The child’s parents chose to have her receive private speech therapy, but they’ve also enrolled her in a preschool that allows her to be integrated into a mainstream classroom. She has thrived in that environment, Kilberg said, thanks to the approach the adults in her life have taken to her care — an approach that Easterseals champions.
‘Absolutely the best’
Today, NVTC is one of the largest technology councils in the nation, representing about 350,000 employees. Brad Schwartz, who serves on NVTC’s board of directors and executive committee, has been named acting president and CEO as the search for a permanent replacement continues. Kilberg announced in fall 2019 she planned to retire June 30.
She came to the helm of NVTC in September 1998 and calls it “absolutely the best position and job opportunity” she’s ever had.
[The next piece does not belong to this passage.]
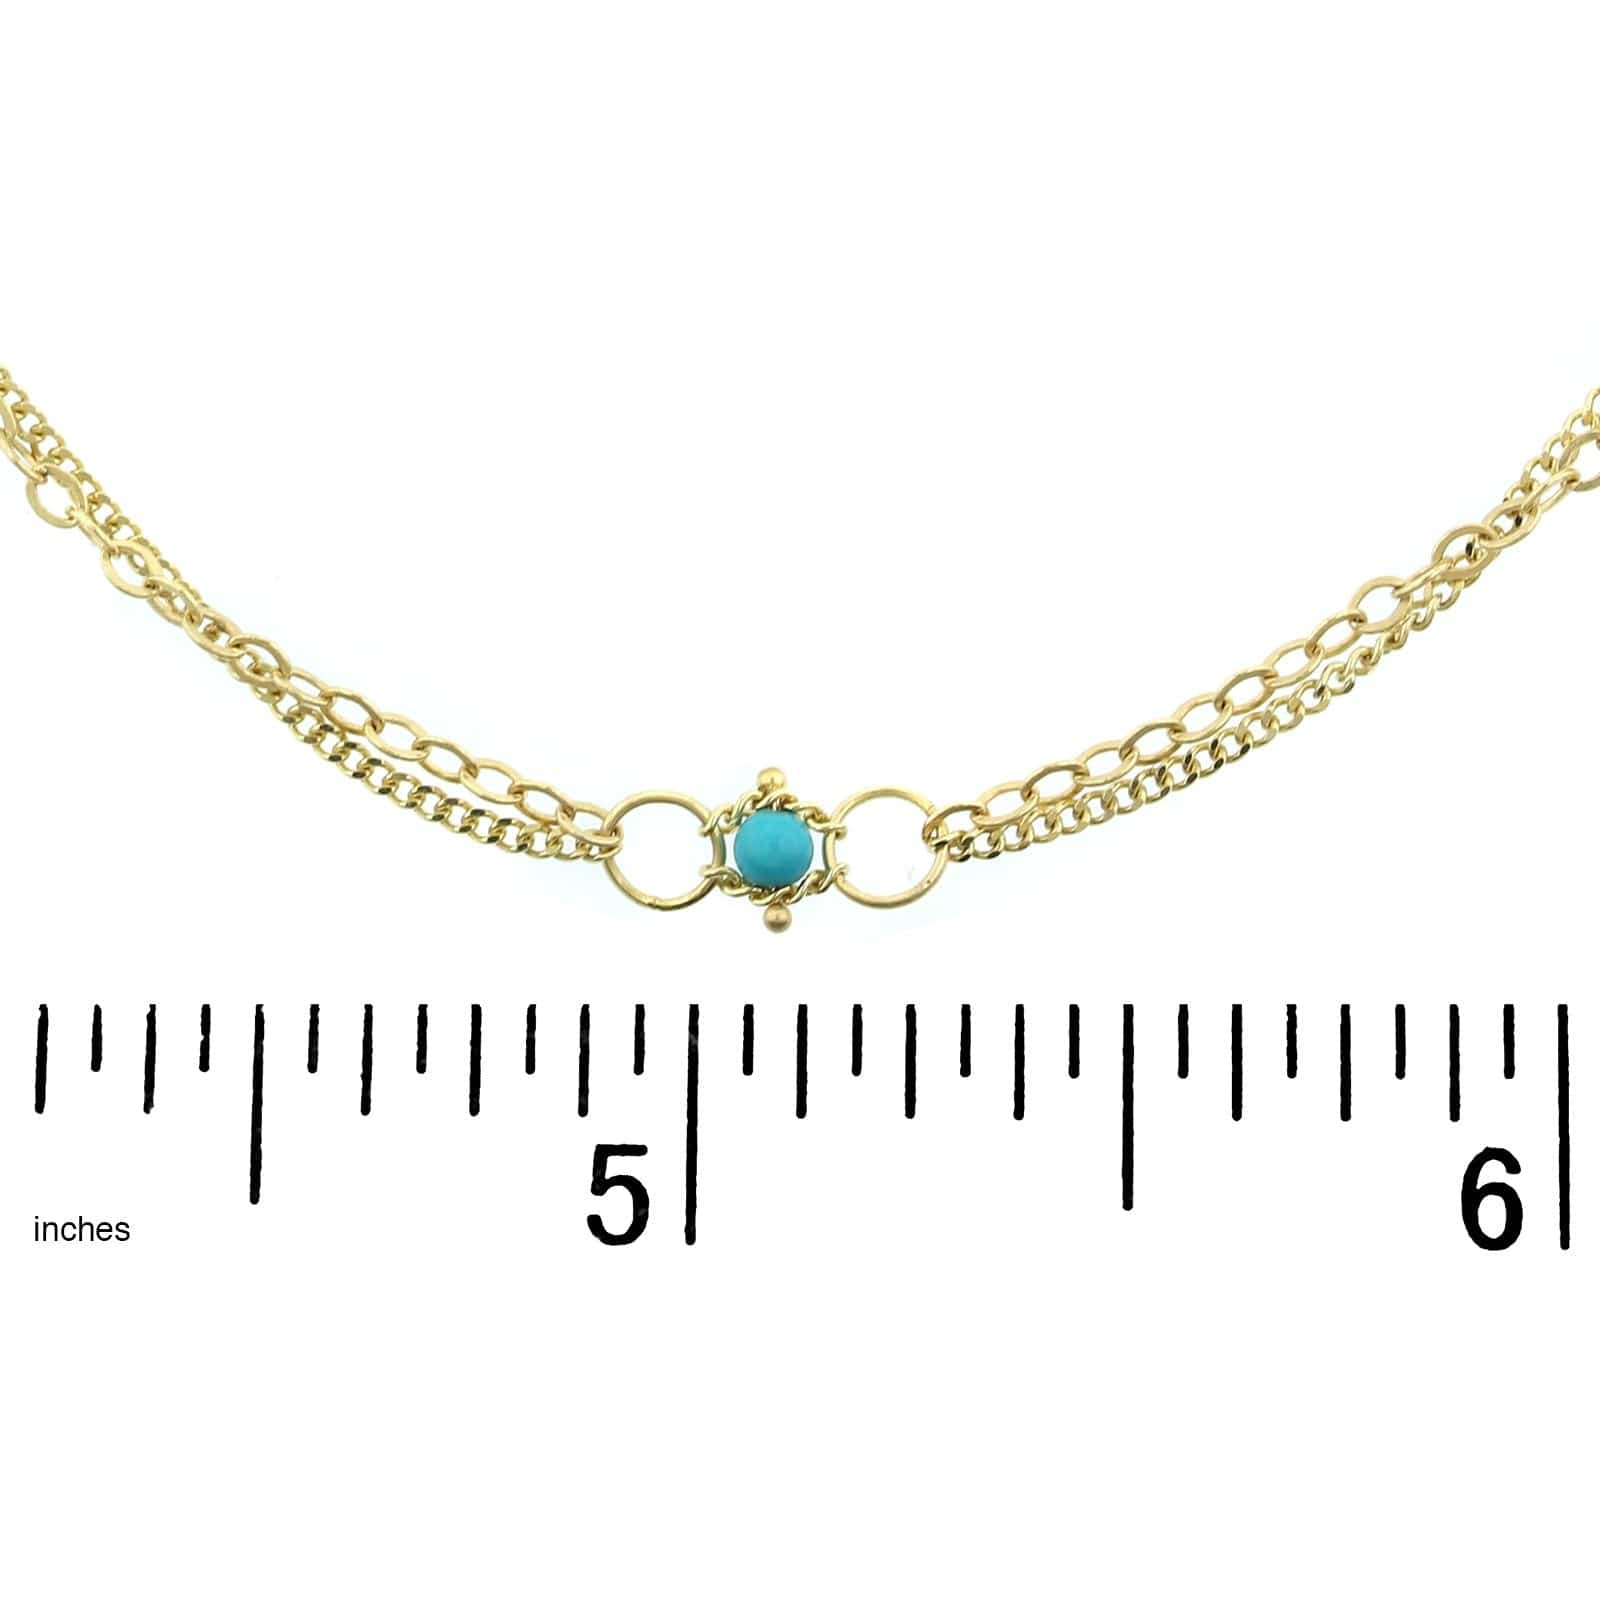 Amali 18K Yellow Gold Round Turquoise Station Necklace
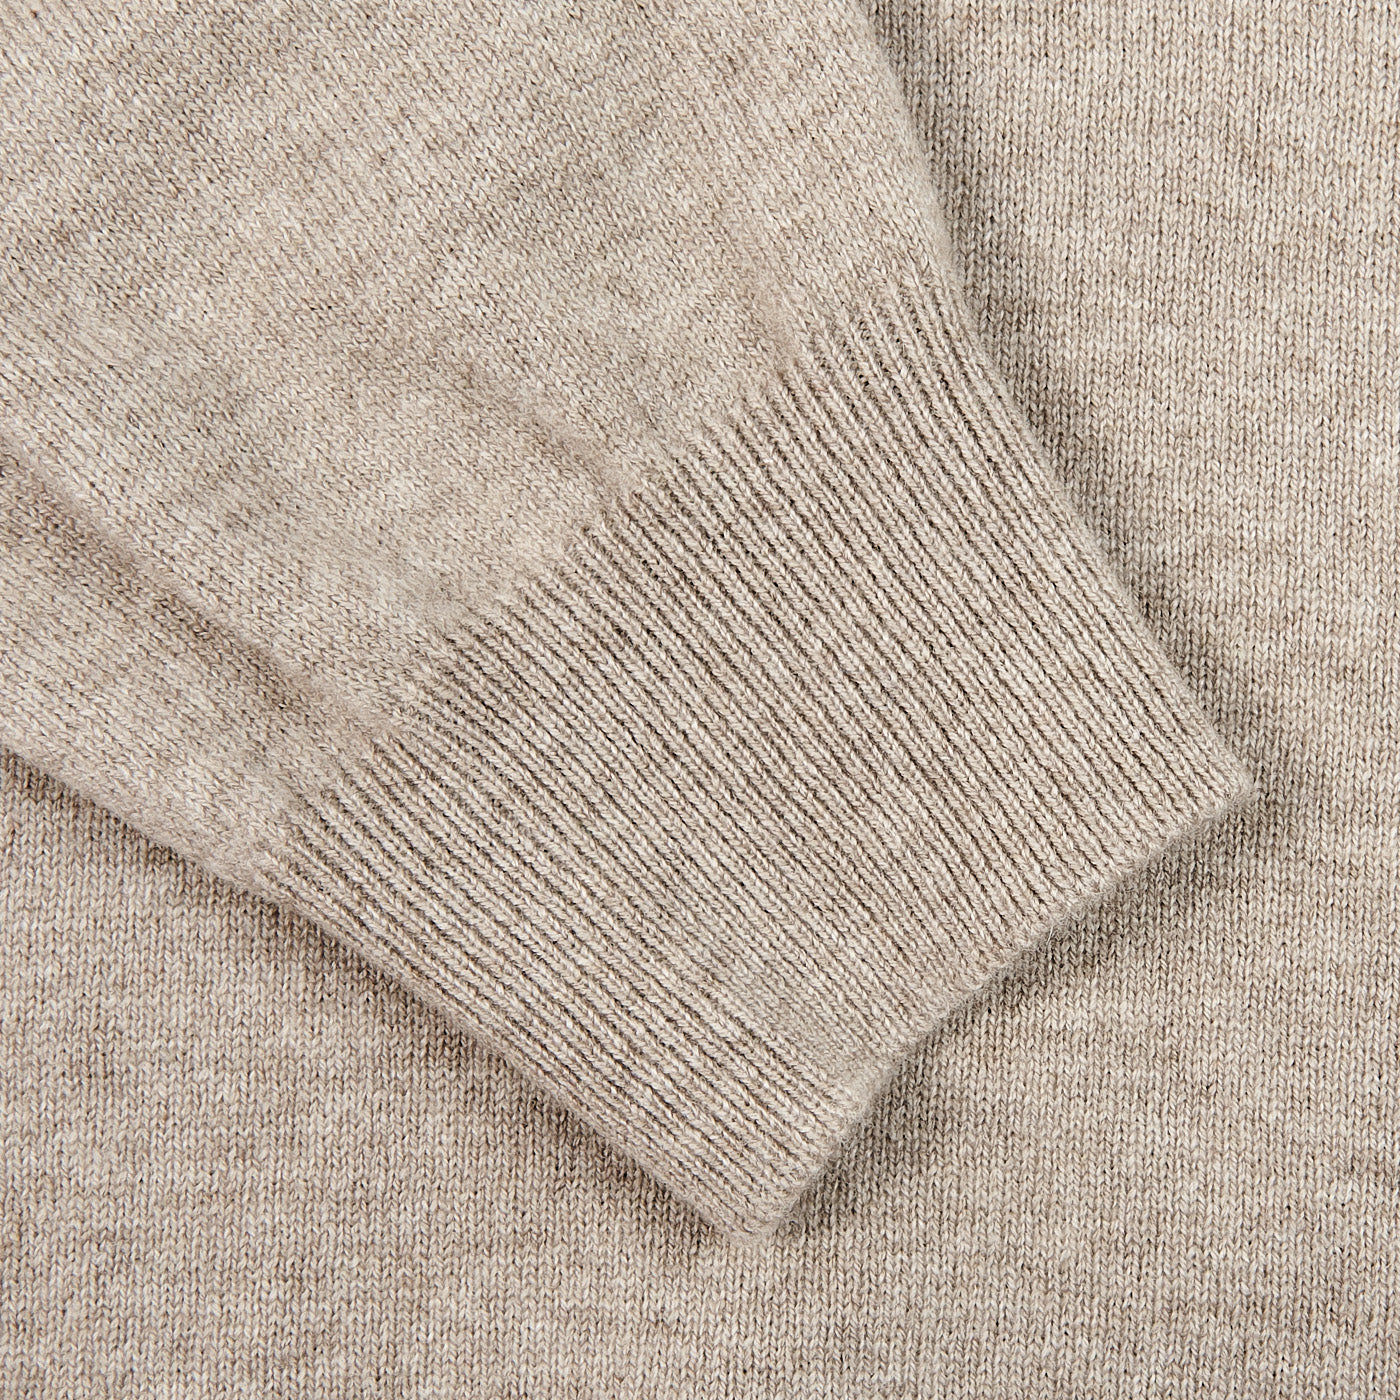 Gran Sasso Beige Wool Cashmere 1:4 Zip Sweater Cuff

“And that’s saying a lot because I’ve had the privilege of working in the White House for three presidents,” she added.
Kilberg served as a White House fellow on the staff of President Richard Nixon’s Domestic Policy Council, as associate counsel to President Gerald Ford and as deputy assistant to the president for public liaison and director of the White House Office of Intergovernmental Affairs for President George H.W. Bush.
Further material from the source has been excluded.